*WHAT IS EXPECTED*: Would you please return all of the entries below exactly as shown?
Segment Open
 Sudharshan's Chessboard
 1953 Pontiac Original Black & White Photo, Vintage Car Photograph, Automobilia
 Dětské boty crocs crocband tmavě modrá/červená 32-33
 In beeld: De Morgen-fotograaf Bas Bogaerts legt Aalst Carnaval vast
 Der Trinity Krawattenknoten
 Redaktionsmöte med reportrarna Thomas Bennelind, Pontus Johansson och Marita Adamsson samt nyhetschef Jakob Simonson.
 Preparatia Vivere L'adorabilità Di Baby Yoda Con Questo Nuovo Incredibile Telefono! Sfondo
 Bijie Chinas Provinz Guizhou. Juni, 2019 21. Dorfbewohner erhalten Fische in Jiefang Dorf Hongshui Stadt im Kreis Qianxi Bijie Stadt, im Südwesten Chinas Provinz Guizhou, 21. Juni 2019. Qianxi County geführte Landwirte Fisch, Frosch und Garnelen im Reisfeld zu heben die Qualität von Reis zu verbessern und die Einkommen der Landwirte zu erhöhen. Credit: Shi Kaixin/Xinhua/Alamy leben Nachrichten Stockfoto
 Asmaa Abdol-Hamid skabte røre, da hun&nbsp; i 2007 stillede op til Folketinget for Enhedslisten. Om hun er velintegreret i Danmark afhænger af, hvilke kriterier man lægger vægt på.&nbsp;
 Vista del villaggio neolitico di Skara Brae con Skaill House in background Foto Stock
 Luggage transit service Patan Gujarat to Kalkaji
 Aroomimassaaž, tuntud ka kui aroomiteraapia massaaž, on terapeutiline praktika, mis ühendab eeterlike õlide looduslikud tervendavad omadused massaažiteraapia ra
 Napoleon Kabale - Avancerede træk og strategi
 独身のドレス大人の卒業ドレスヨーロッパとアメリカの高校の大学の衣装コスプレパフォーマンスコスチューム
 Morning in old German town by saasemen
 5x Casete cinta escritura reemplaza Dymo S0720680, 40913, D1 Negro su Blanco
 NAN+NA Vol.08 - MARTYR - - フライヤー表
Segment Closed
*SOLVED EXERCISE*:
 Sudharshan's Chessboard
 1953 Pontiac Original Black & White Photo, Vintage Car Photograph, Automobilia
 Dětské boty crocs crocband tmavě modrá/červená 32-33
 In beeld: De Morgen-fotograaf Bas Bogaerts legt Aalst Carnaval vast
 Der Trinity Krawattenknoten
 Redaktionsmöte med reportrarna Thomas Bennelind, Pontus Johansson och Marita Adamsson samt nyhetschef Jakob Simonson.
 Preparatia Vivere L'adorabilità Di Baby Yoda Con Questo Nuovo Incredibile Telefono! Sfondo
 Bijie Chinas Provinz Guizhou. Juni, 2019 21. Dorfbewohner erhalten Fische in Jiefang Dorf Hongshui Stadt im Kreis Qianxi Bijie Stadt, im Südwesten Chinas Provinz Guizhou, 21. Juni 2019. Qianxi County geführte Landwirte Fisch, Frosch und Garnelen im Reisfeld zu heben die Qualität von Reis zu verbessern und die Einkommen der Landwirte zu erhöhen. Credit: Shi Kaixin/Xinhua/Alamy leben Nachrichten Stockfoto
 Asmaa Abdol-Hamid skabte røre, da hun&nbsp; i 2007 stillede op til Folketinget for Enhedslisten. Om hun er velintegreret i Danmark afhænger af, hvilke kriterier man lægger vægt på.&nbsp;
 Vista del villaggio neolitico di Skara Brae con Skaill House in background Foto Stock
 Luggage transit service Patan Gujarat to Kalkaji
 Aroomimassaaž, tuntud ka kui aroomiteraapia massaaž, on terapeutiline praktika, mis ühendab eeterlike õlide looduslikud tervendavad omadused massaažiteraapia ra
 Napoleon Kabale - Avancerede træk og strategi
 独身のドレス大人の卒業ドレスヨーロッパとアメリカの高校の大学の衣装コスプレパフォーマンスコスチューム
 Morning in old German town by saasemen
 5x Casete cinta escritura reemplaza Dymo S0720680, 40913, D1 Negro su Blanco
 NAN+NA Vol.08 - MARTYR - - フライヤー表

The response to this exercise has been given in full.